[comp.unix.microport] optimized malloc for SV/AT: required for uEmacs and other big programs

hedrick@athos.rutgers.edu (Charles Hedrick) (02/21/88)
Over the next week or so, I'm going to post the results of my various
porting efforts.  The most significant problem I ran into was
performance problems with microEmacs.  In fact microEmacs will run, in
either small or large model, with little or no change.  But it was
incredibly slow in reading files, and sometimes claimed to be out of
memory when it wasn't.  This turned out to be due to problems in
malloc, not in microEmacs.  So the subject of this posting is a new
malloc.  There are two different problems with the one supplied with
the system:

The system version of malloc is very slow.  When you try to read a
file that is even moderately large, you end up doing a huge amount of
swapping.  I am not exactly sure why this is.  It obviously has to do
with the details of the way Microport (or ATT?) has chosen to
implement memory allocation.  On paging systems, memory is allocated
in fixed-size pages.  When you go to a new page, that page can be
allocated anywhere in memory.  At worst, you have to page out one page
from somebody else's core image, and typically not even that.  On
older systems, memory for a process had to be contiguous.  This meant
that when additional memory is to be allocated, sometimes a process
had to be swapped out in order to have free memory adjacent to your
existing memory.  It is not clear to me why the 286 should need to do
old-style allocation, but it certainly appears that it does.  Each
time you do sbrk to allocate memory, there is a good chance that this
will cause swapping activity.  In order to fix this, I have a
replacement version of sbrk.  The system sbrk goes to a new segment
every time you allocate a chunk of memory.  Mine attempts to allocate
chunks in the same segment, and goes to a new segment only when there
is no space left in the existing one.  When it goes to a new segment,
it immediately allocates all 64K in that segment.  When it leaves the
segment, it deallocates any memory in the segment that it didn't use.
This turns out to make an incredible difference to performance.  The
reason is that swapping can happen only when you go to a new segment,
rather than every time sbrk is called.  And in practice it doesn't
seem to happen very often even then.  My sbrk is intended to be
sufficiently general to be used as a complete replacement for sbrk.
However it has only been tested with malloc.
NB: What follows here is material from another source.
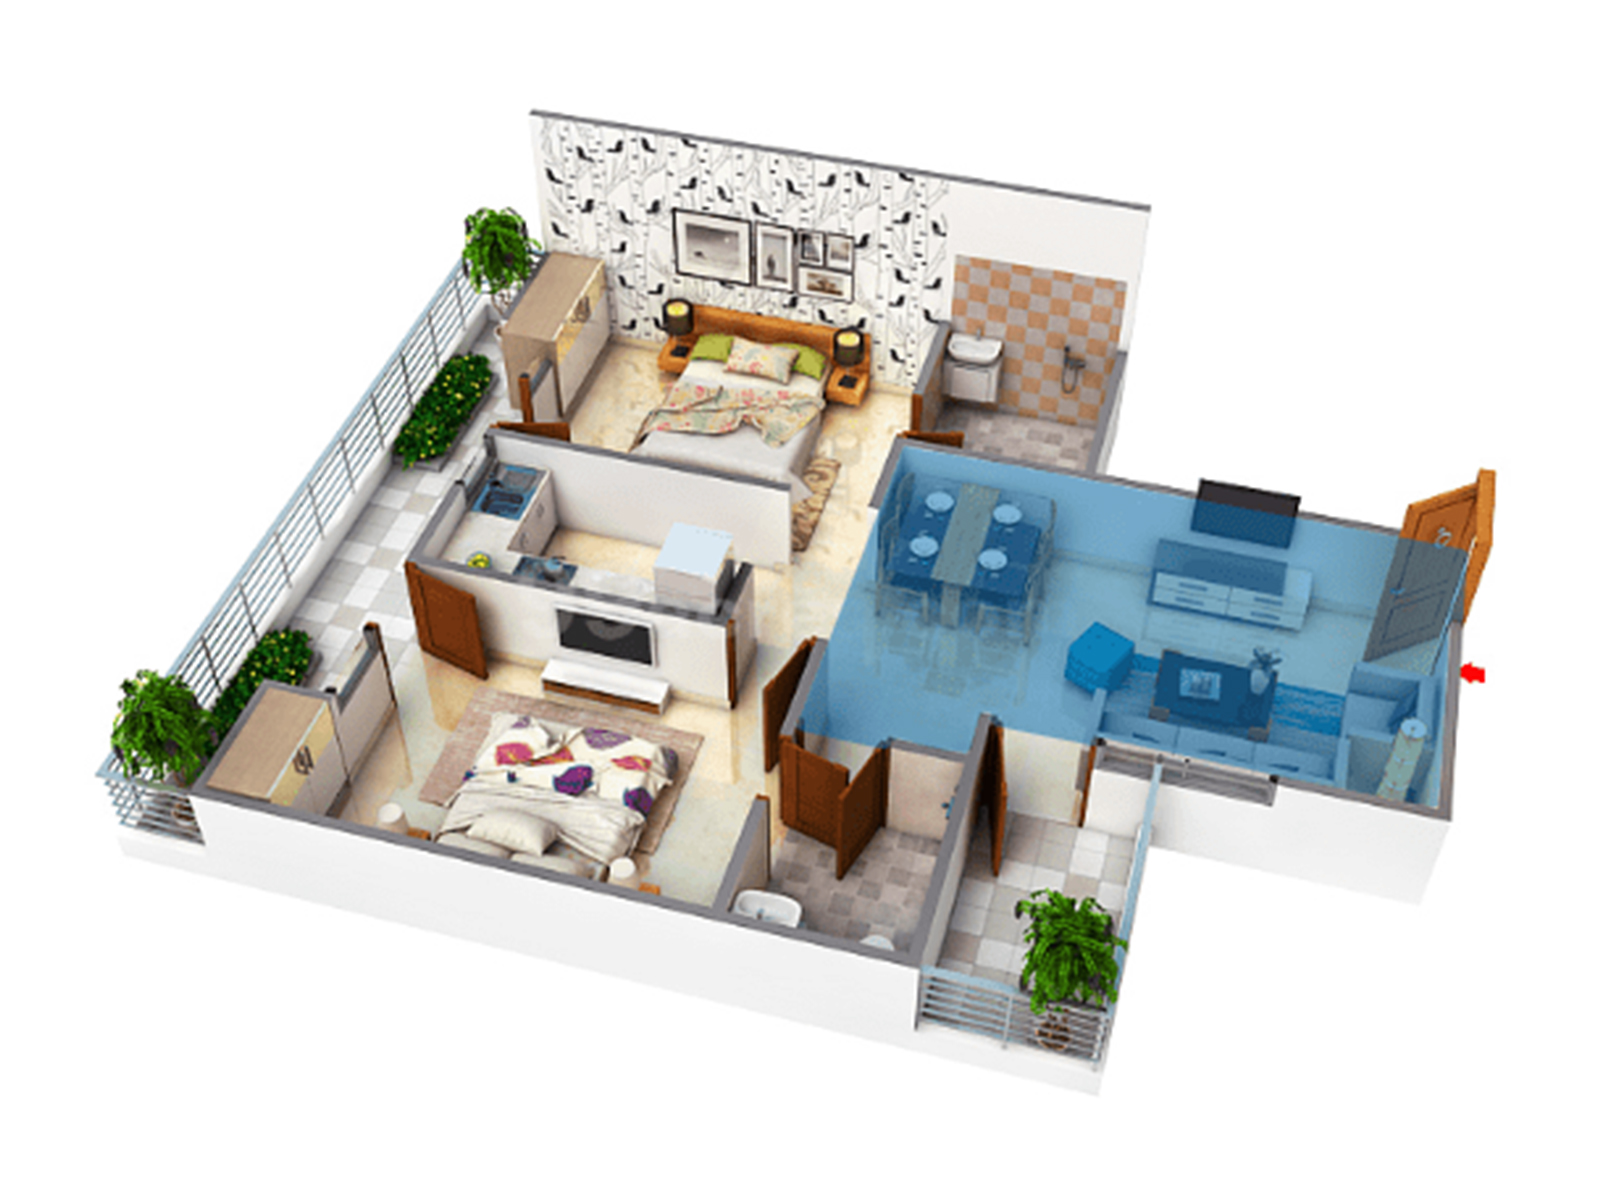 2 BHK Floor Plan of Saya Desire Residency - Buy Luxury Apartments in Indirapuram Ghaziabad
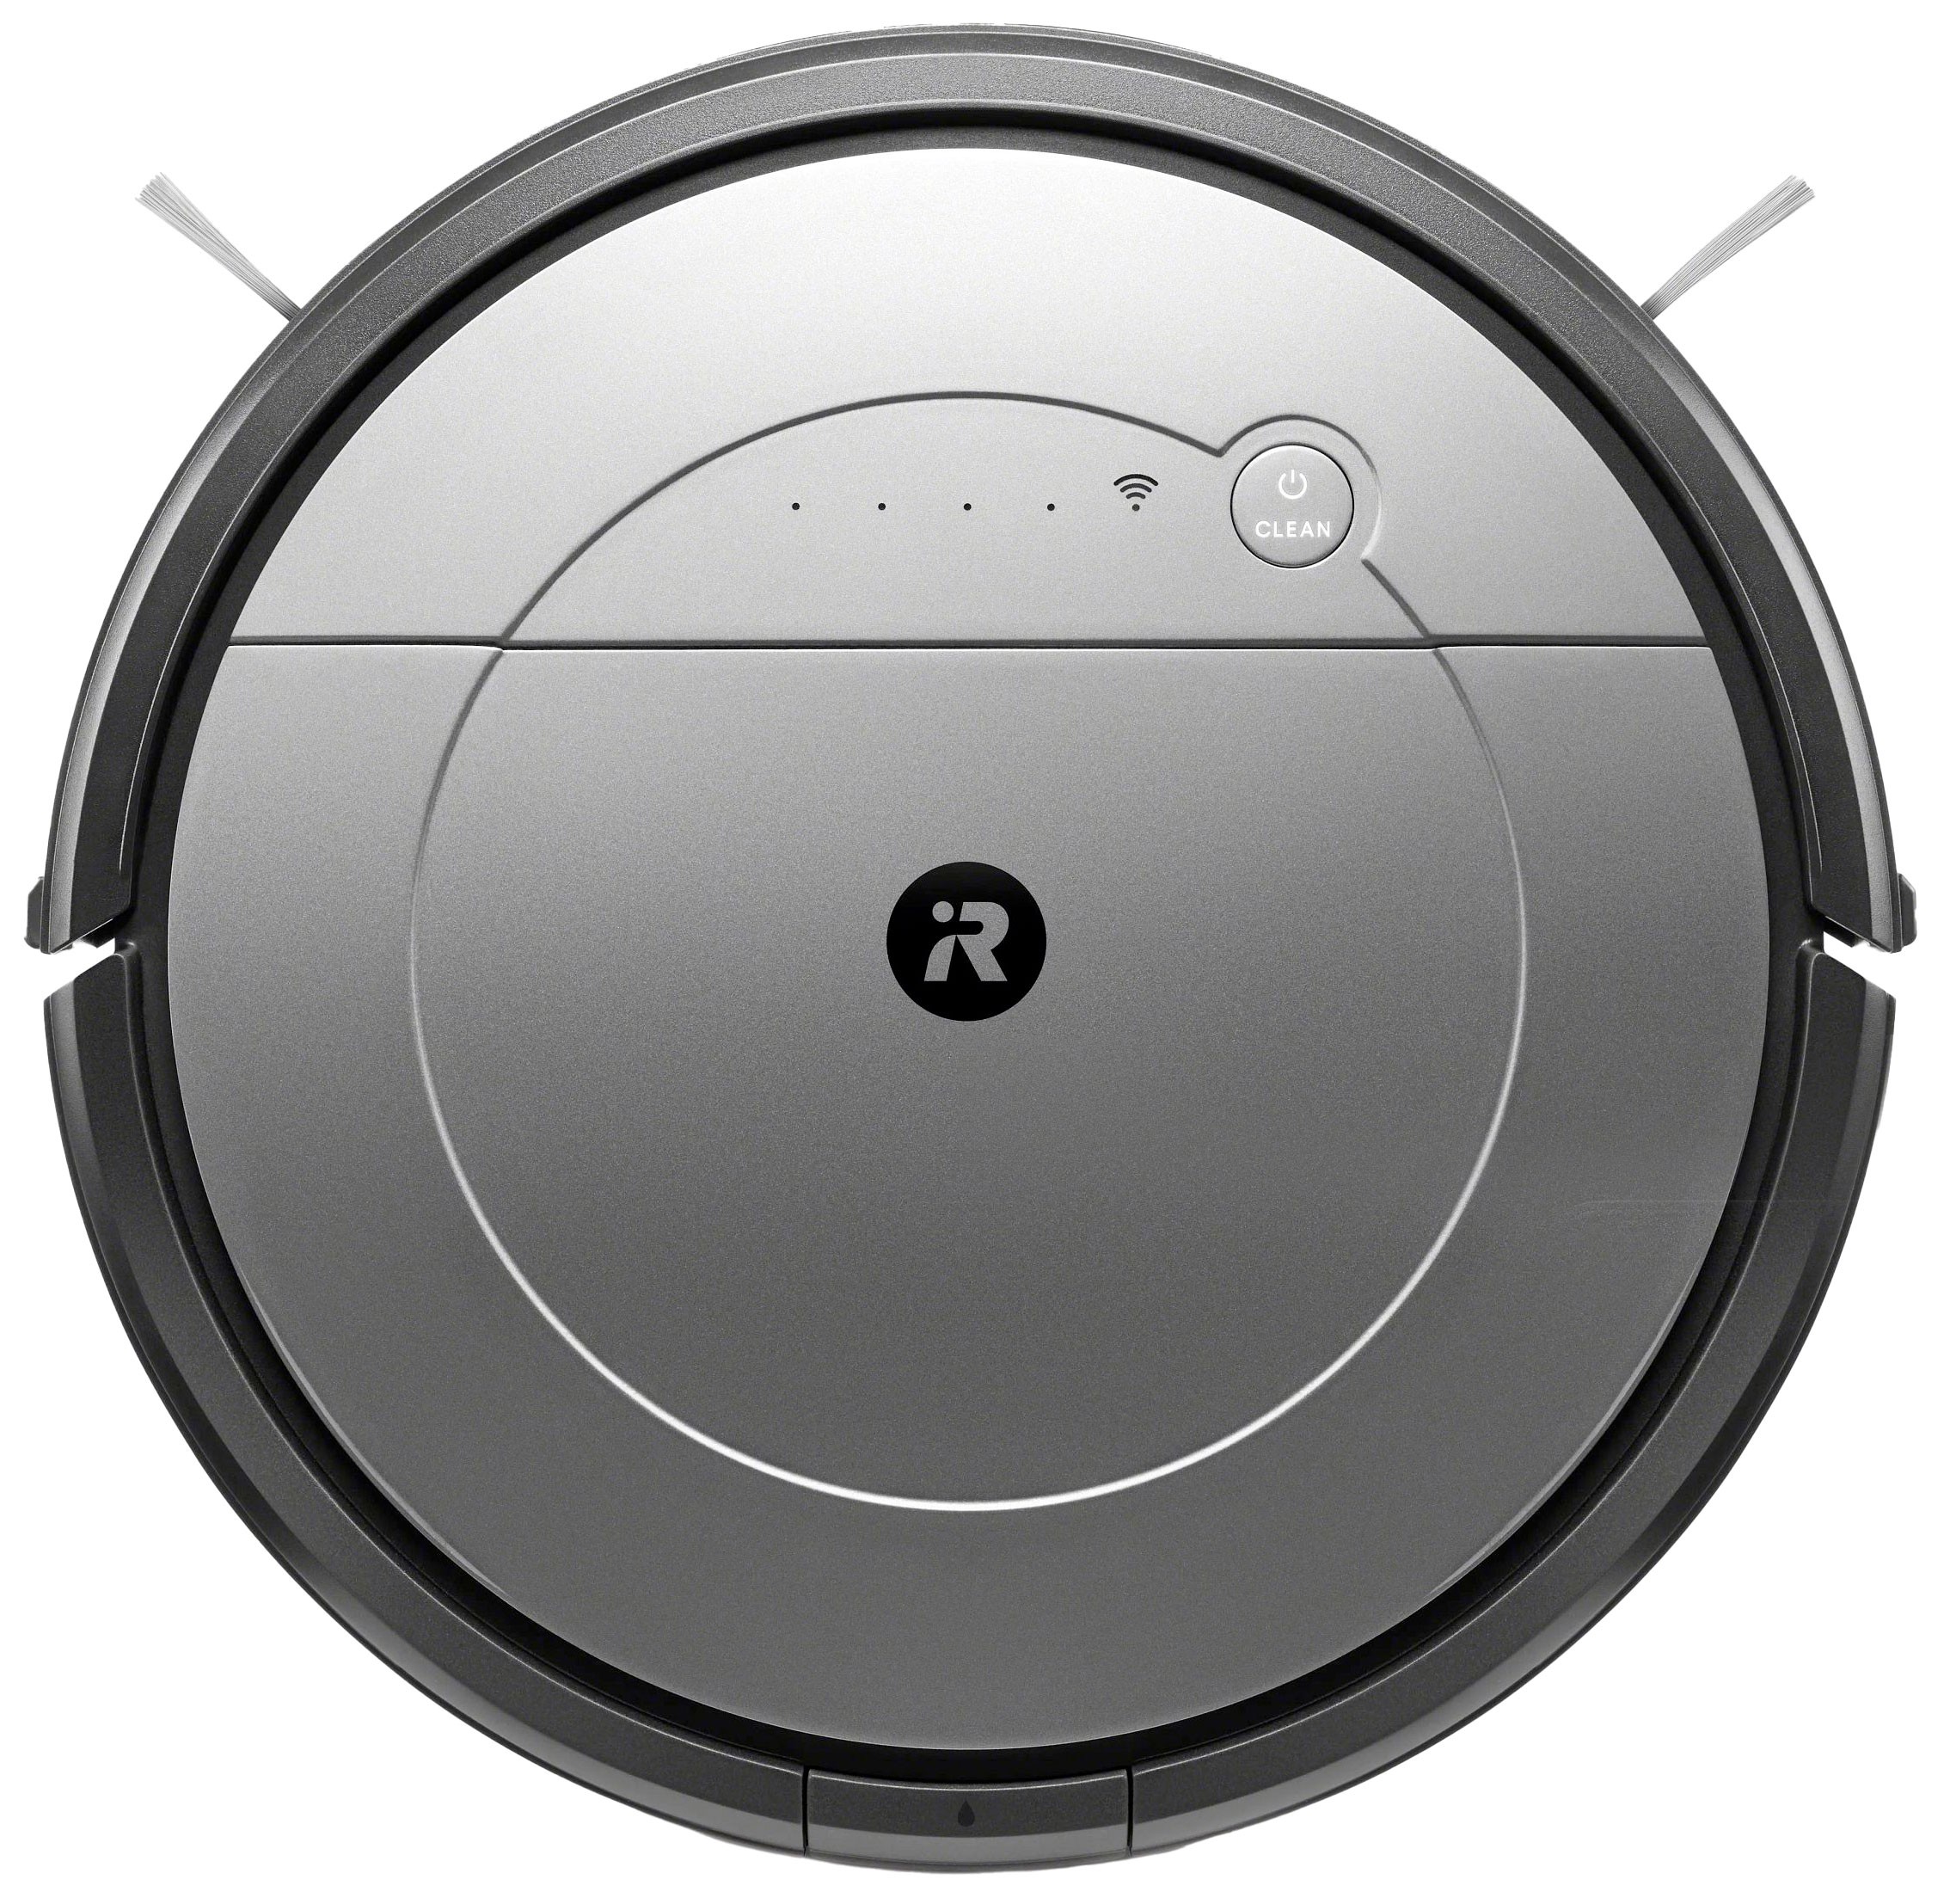 Pièces détachées iRobot Roomba Combo C7 certifiées et officielles

The second problem with the original malloc is that it seems to be
buggy.  It was common that after reading a file of about 50KB, when I
tried to read in another file, I would be told there is no more memory
available.  It was easy to see with ps that there was plenty of free
memory.  It is known that many systems have buggy malloc's.  It
appears from my experience that this is one of them.  I am supplying a
new malloc.  This one was taken from Unipress Emacs (with the
permission of Unipress).  It is based on an malloc done at Caltech.
Variants of this malloc are used in 4.3BSD and Gnu Emacs.  Unipress's
version has had an incredible amount of work done on portability.
It can run on just about any conceivable system.  The result is that
the file is a patchwork of conditionals, and requires 3 different
header files.  To save net bandwidth, and make the program easier to
manage, I have cut it down to exactly what is needed on SV/AT.  (Note
that this is not exactly the same as any combination of options that
Unipress supports.  I have made some minor changes myself.)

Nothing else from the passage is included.